Deploying VR technology is expensive, with cost estimates ranging from tens of thousands of dollars to millions, attendees at the HR Technology Conference learned. But headset prices are declining rapidly, and libraries of VR training tools for dealing with common HR situations — such as how to fire an employee — may make this tool affordable to firms of all sizes.

For Walmart, a payoff of using virtual reality comes from higher job certification test scores. Meanwhile, Wendy’s has been using computer simulations to help employees learn their jobs. It is also adapting its training to the expectations of its workers, and its efforts have led to a turnover reduction. Based on presentations and interviews at the HR Technology Conference, users deploying these technologies are enthusiastic about them.

Walmart employees experience VR’s 3D

“It truly becomes an experience,” said Andy Trainor, senior director of Walmart Academies, in an interview about the impact of VR and augmented reality on training. It’s unlike a typical classroom lesson. “Employees actually feel like they experience it,” he said.
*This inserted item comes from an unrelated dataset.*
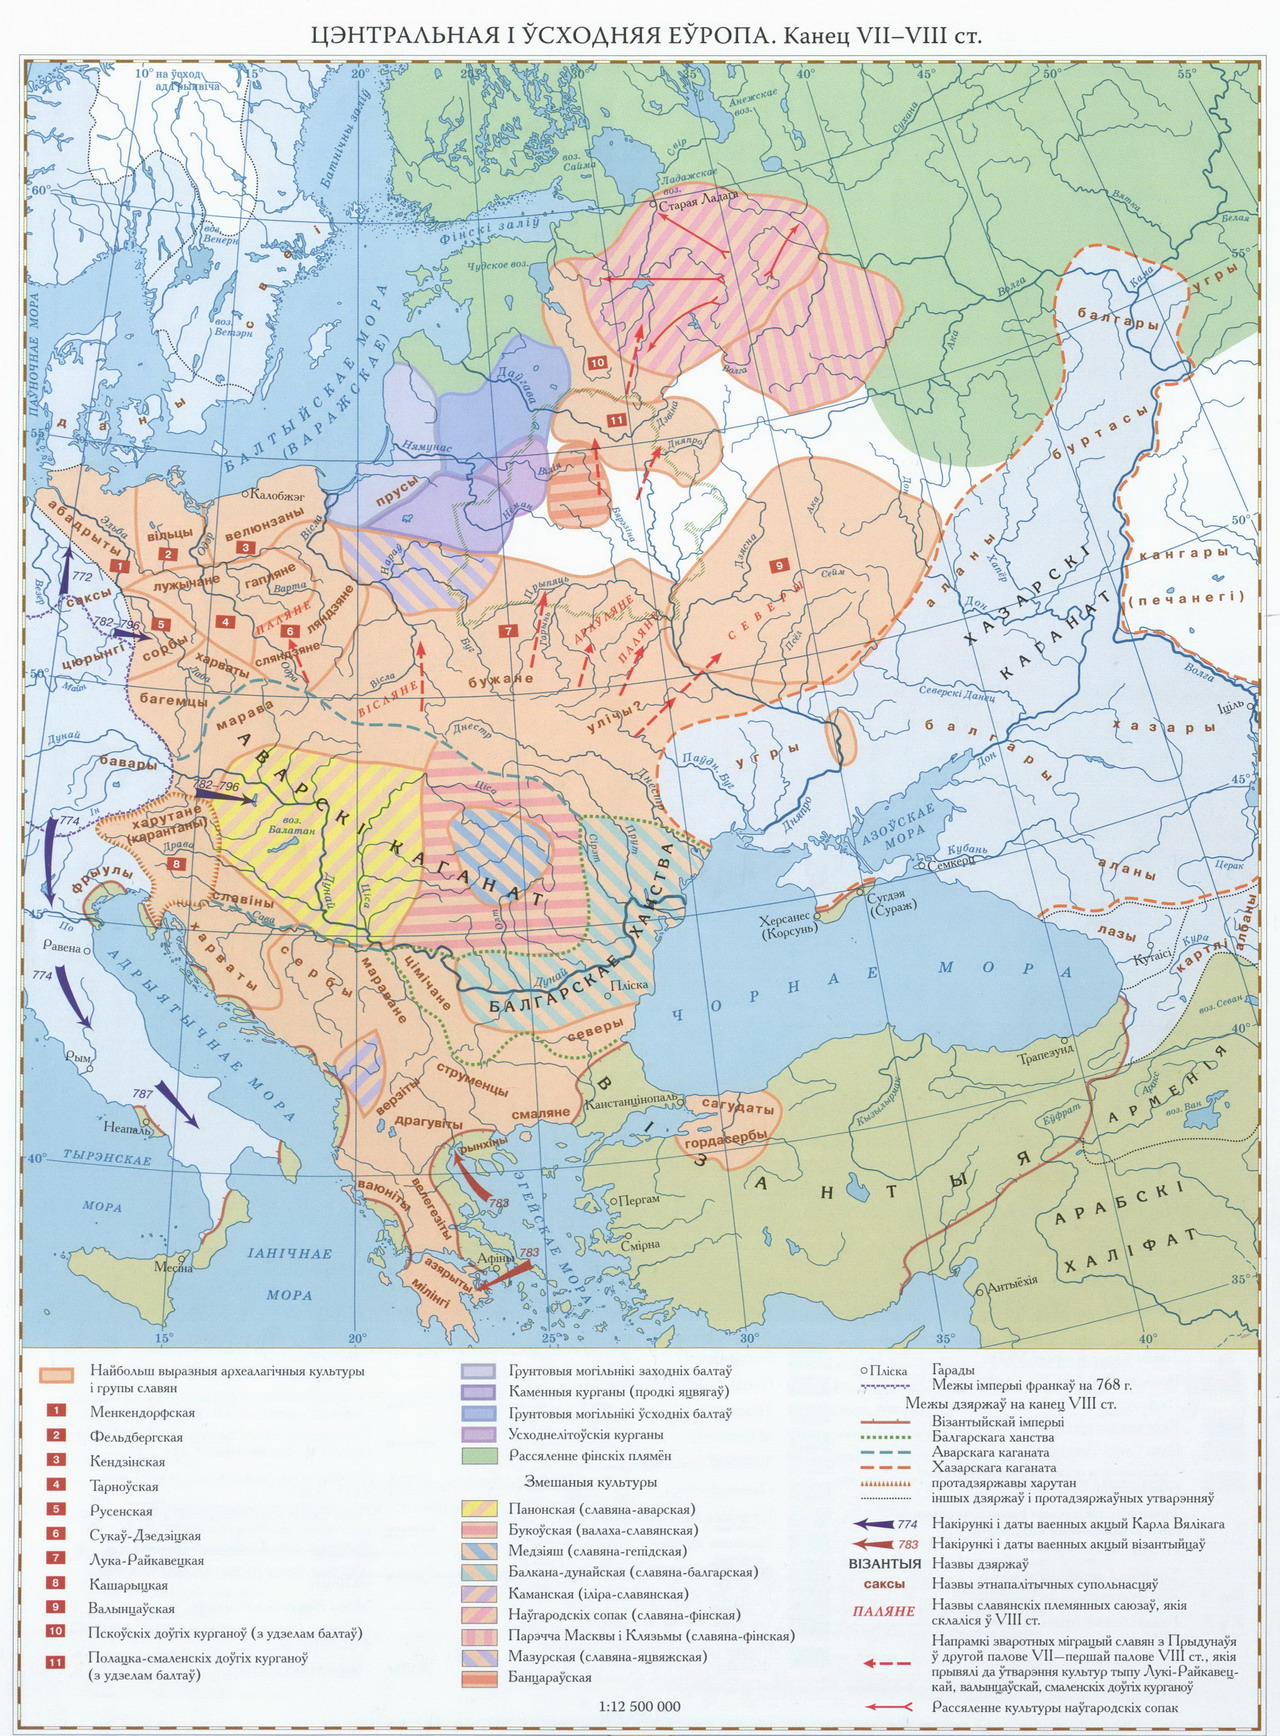 Центральная и Восточная Европа конца 7 - 8 века по В. Носевичу
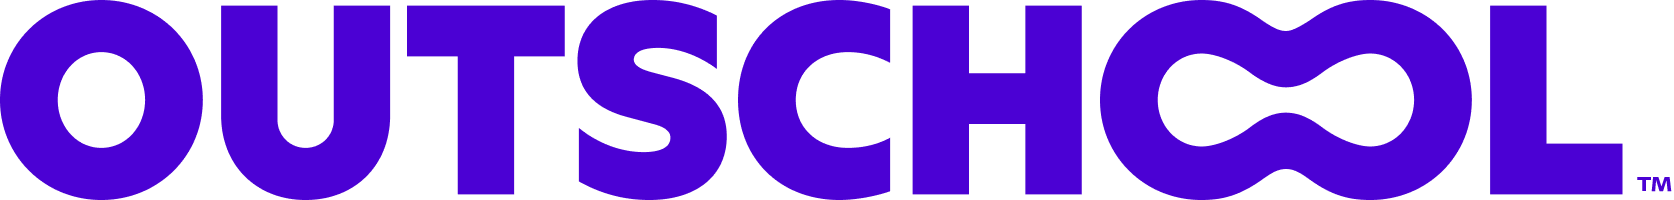 Outschool_Logo_Color-1

Walmart has adopted virtual reality for its training program.
Walmart’s training and virtual reality team, from left to right: Brock McKeel, senior director of digital operations at Walmart and Andy Trainor, senior director of Walmart Academies.

Walmart employees go to “academies” for training, testing and certification on certain processes, such as taking care of the store’s produce section, interacting with customers or preparing for Black Friday. As one person in a class wears the VR headset or goggles, what that person sees and experiences displays on a monitor for the class to follow.

Walmart has been using VR in training from startup STRIVR for just over a year. In classes using VR, Trainor said the company is seeing an increase in test scores as high as 15% over traditional methods of instruction. Trainor said his team members are convinced VR, with its ability to create 3D simulations, is here to stay as a training tool. 

“Life isn’t 2D,” said Brock McKeel, senior director of digital operations at Walmart. For problems ranging from customer service issues to emergency weather planning, “we want our associates to be the best prepared that we can get them to be.”

Walmart has also created a simulation-type game that helps employees understand store management. The company plans to soon release its simulation as an app for anyone to experience, Trainor said.

The old ways of training are broken

The need to do things differently in learning was a theme at the HR Technology Conference.

Life isn’t 2D.
Brock McKeelsenior director of digital operations at Walmart

The idea that employees will take time out of their day to watch a training video or read material that may not be connected to their task at hand is not effective, said David Mallon, a vice president and chief analyst at Bersin, Deloitte Consulting, based in Oakland, Calif.

The traditional methods of learning “have fallen apart,” Mallon said. Employees “want to engage with content on their terms, when they need it, where they need it and in ways that make more sense.”

Mallon’s point is something Wendy’s realized about its restaurant workers, who understand technology and have expectations about content, said Coley O’Brien, chief people officer at the restaurant chain. Employees want the content to be quick, they want the ability to swipe, and videos should be 30 seconds or less, he said.

“We really had to think about how we evolve our training approach and our content to really meet their expectations,” said O’Brien, who presented at the conference.

Wendy’s also created simulations that reproduce some of the time pressures faced with certain food-preparation processes. Employees must make choices in simulations, and mistakes are tracked. The company uses Cornerstone OnDemand’s platform.

Restaurants in which employees received a certain level of certification see higher sales of 1% to 2%, increases in customer satisfaction and a turnover reduction as high as 20%, O’Brien said.